# LS7 in a GTO?



## HoldenGTO (Nov 22, 2005)

Has anybody swapped one in their GTO yet? If I could afford one, I would. :cheers :cool


----------



## johnebgoode (Oct 4, 2005)

You're not the only one.......:cool


----------



## Robertr2000 (Mar 25, 2006)

http://www.superchargersonline.com/product_detail.asp?ProductID=3159



 :willy:


----------



## I Stall Automatics (Aug 10, 2005)

For ~$14,000, it would be cheaper than the $25,000 427 CID Lingenfelter package. And just think what you could do with another $11,000 towards performance.


----------



## SloTymer (Sep 16, 2005)

*Ls7 Gto*

:cool Does anyone make the needed electronics (ECM) and wiring harness etc. for the conversion? You could probably buy the engine from GM.


----------



## ftlfirefighter (Jun 6, 2005)

After an informative conversation with Jason at Katech about swapping in an LS7, the only real issue is finding somewhere for the drysump tank. As far as the electronics go, our stock ECM and harness will work unaltered, only the reluctor on the crank and the cam sensor need to be changed to the LS2 or LS1 style. There's even a cable operated throttle body avail for guys with the 04! http://www.umiracing.com/news/Umithrottlebody.html


----------



## ftlfirefighter (Jun 6, 2005)

Here's an LS7 in an F-body camaro: http://www.ls1tech.com/forums/showthread.php?t=496186


----------



## GTO_Gregory (Aug 5, 2005)

Heck, there is no reason why a person would have to go with the dry sump oiling. I'm sure conventional pan oiling would make the conversion much easier.


----------



## Clueless (Mar 2, 2006)

ftlfirefighter said:


> Here's an LS7 in an F-body camaro: http://www.ls1tech.com/forums/showthread.php?t=496186


Drool. :cool


----------



## ftlfirefighter (Jun 6, 2005)

GTO_Gregory said:


> Heck, there is no reason why a person would have to go with the dry sump oiling.
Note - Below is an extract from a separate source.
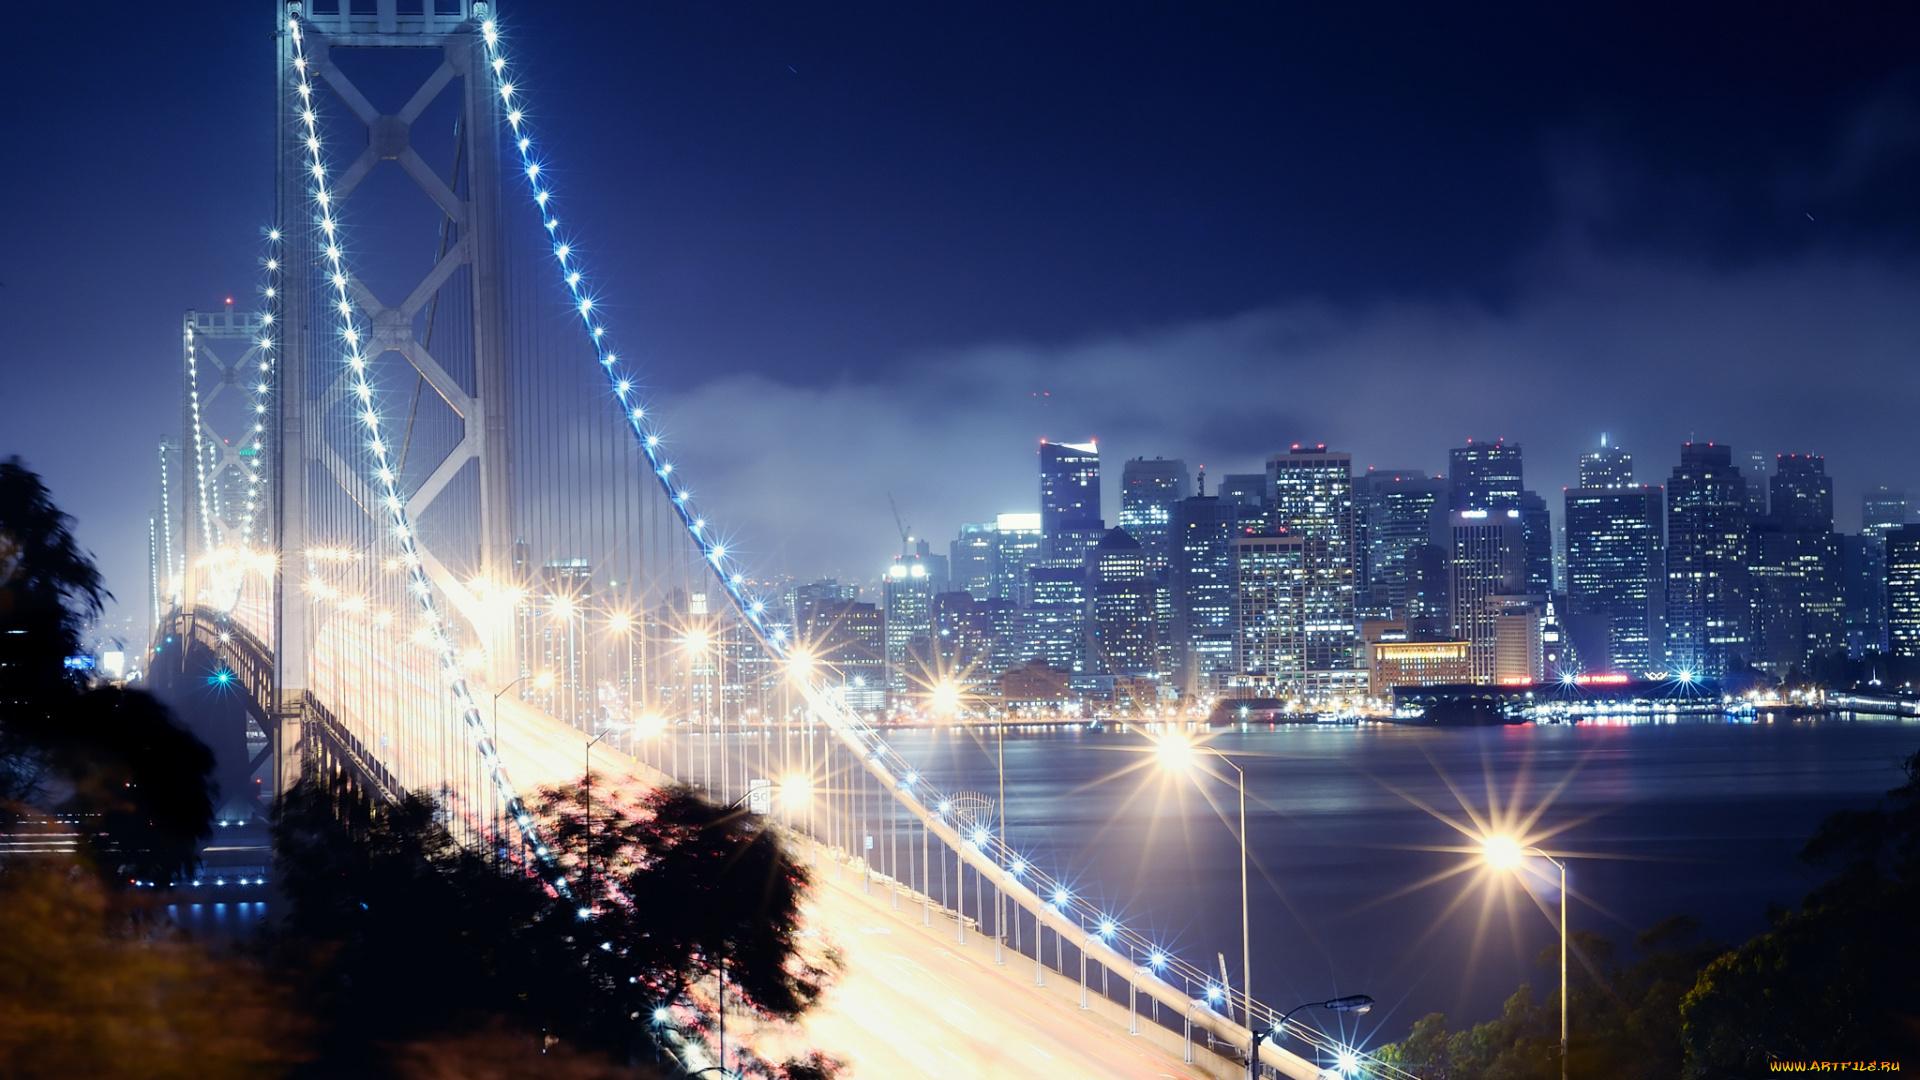 Мост огни ночь  № 3716529  скачать
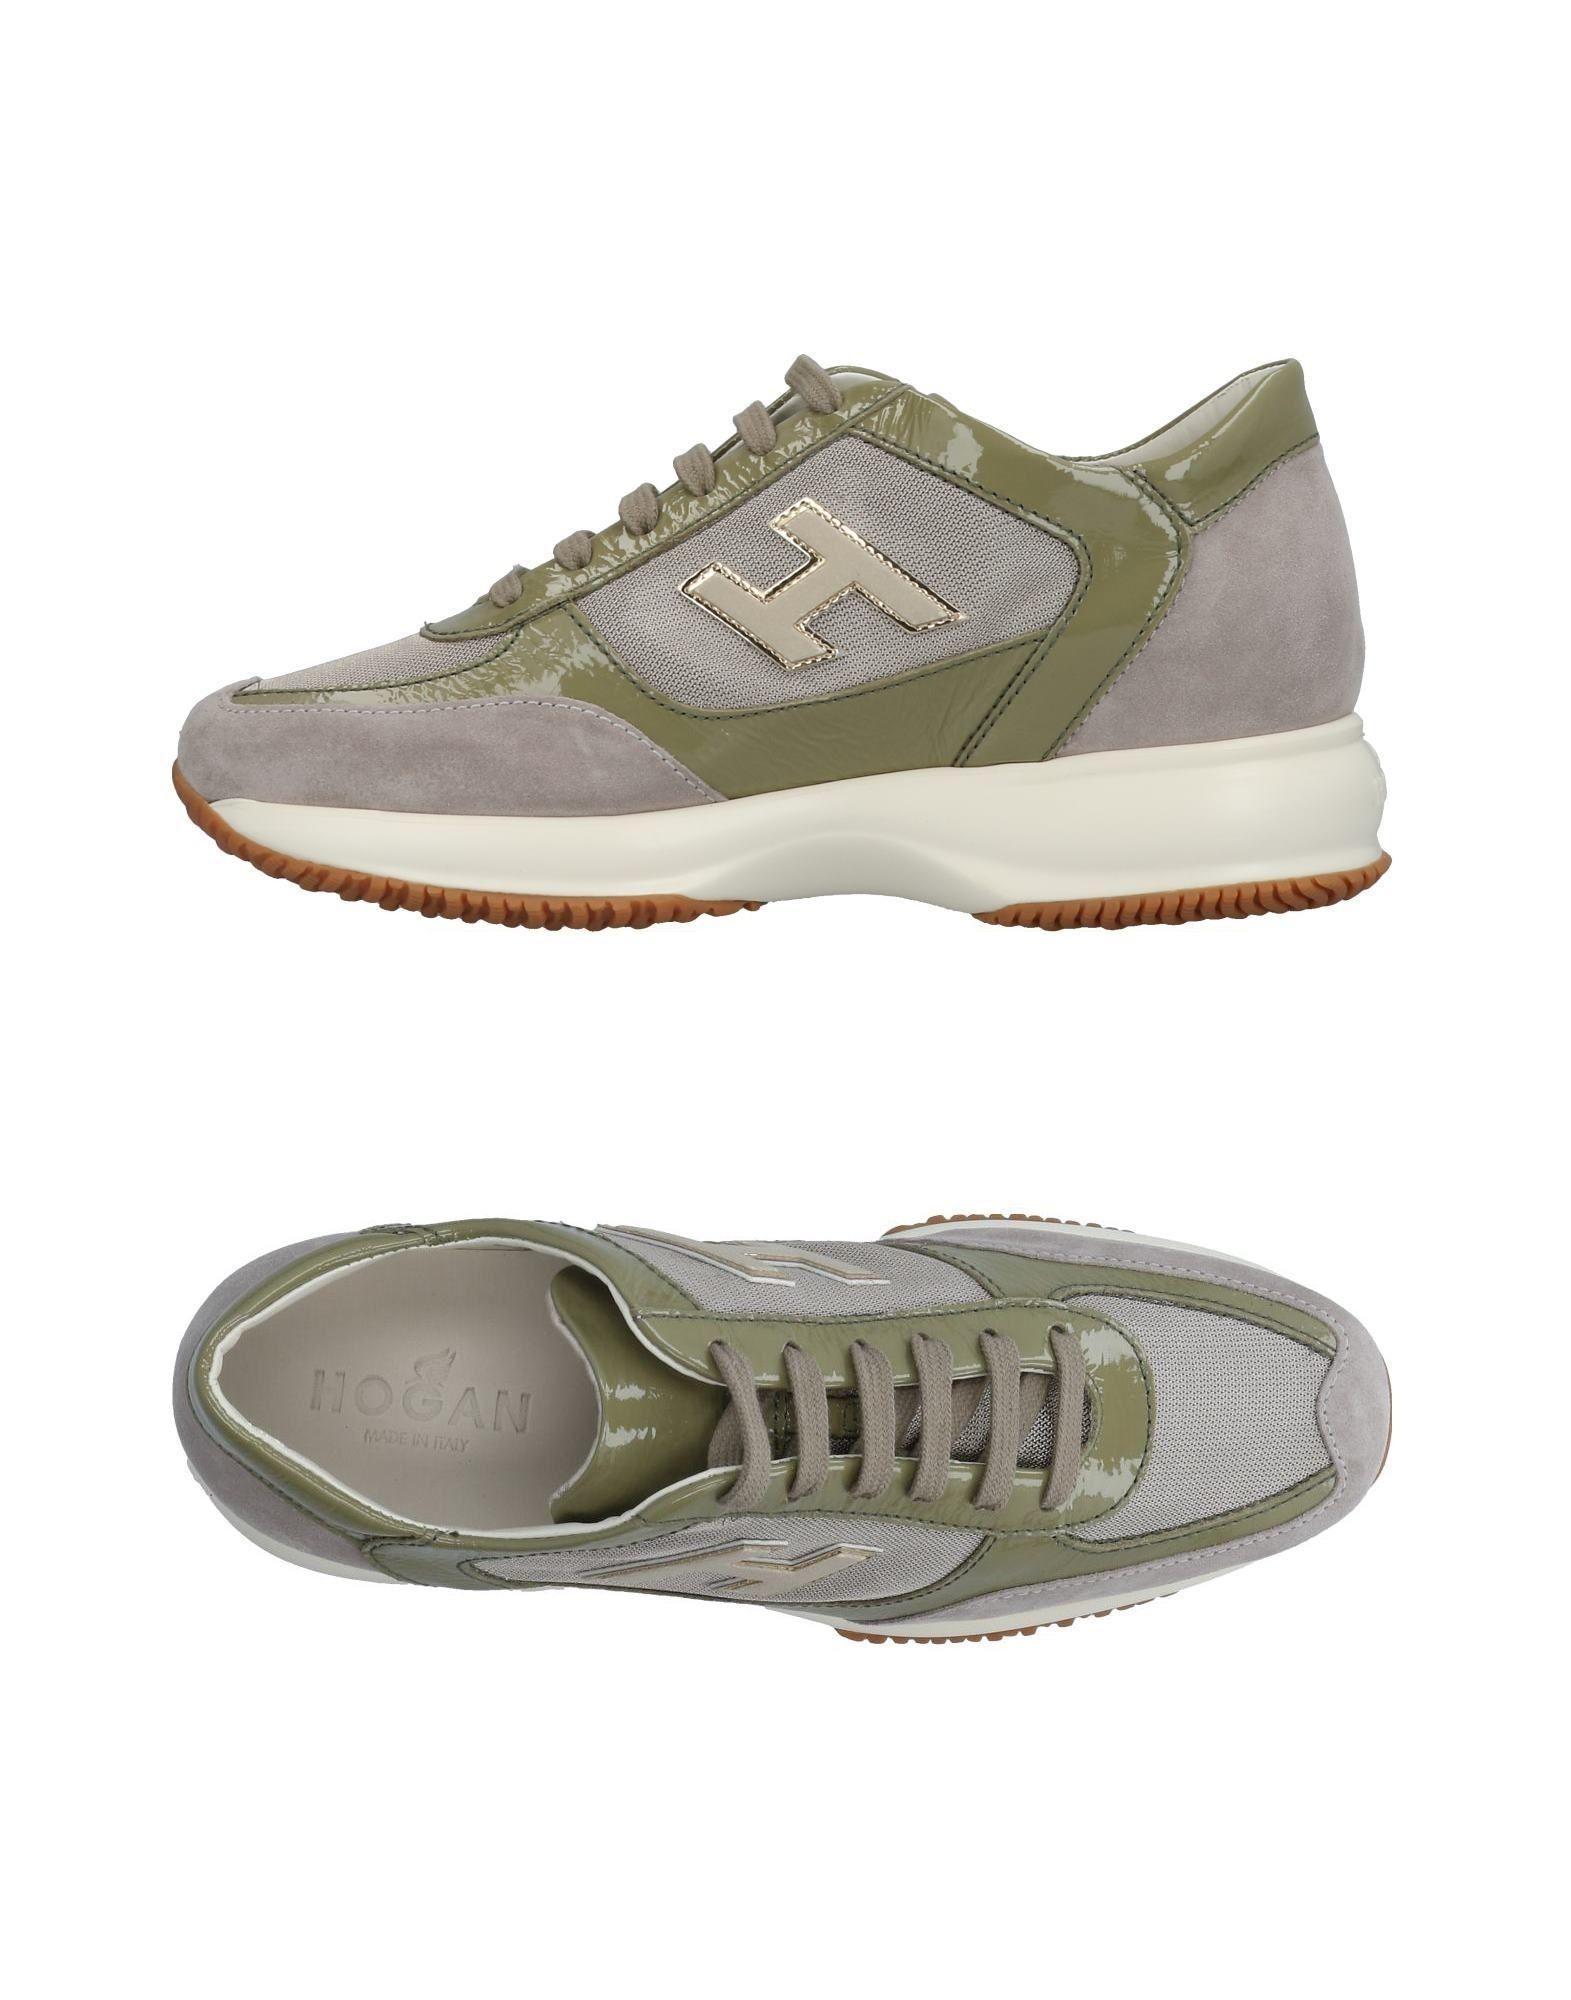 Zapatos Mujer casuales salvajes Zapatillas Hogan Mujer Zapatos - Zapatillas Hogan  Verde claro d10b5b

I'm sure conventional pan oiling would make the conversion much easier.


True, it could be converted to a wetsump but you give up the advantages (power) a dry sump gives you


----------



## CopperD (Apr 22, 2006)

I have a racing LS7 block on the way to take the power of the turbo. Its going into my 06 GTO so Ill tell you how it goes.


----------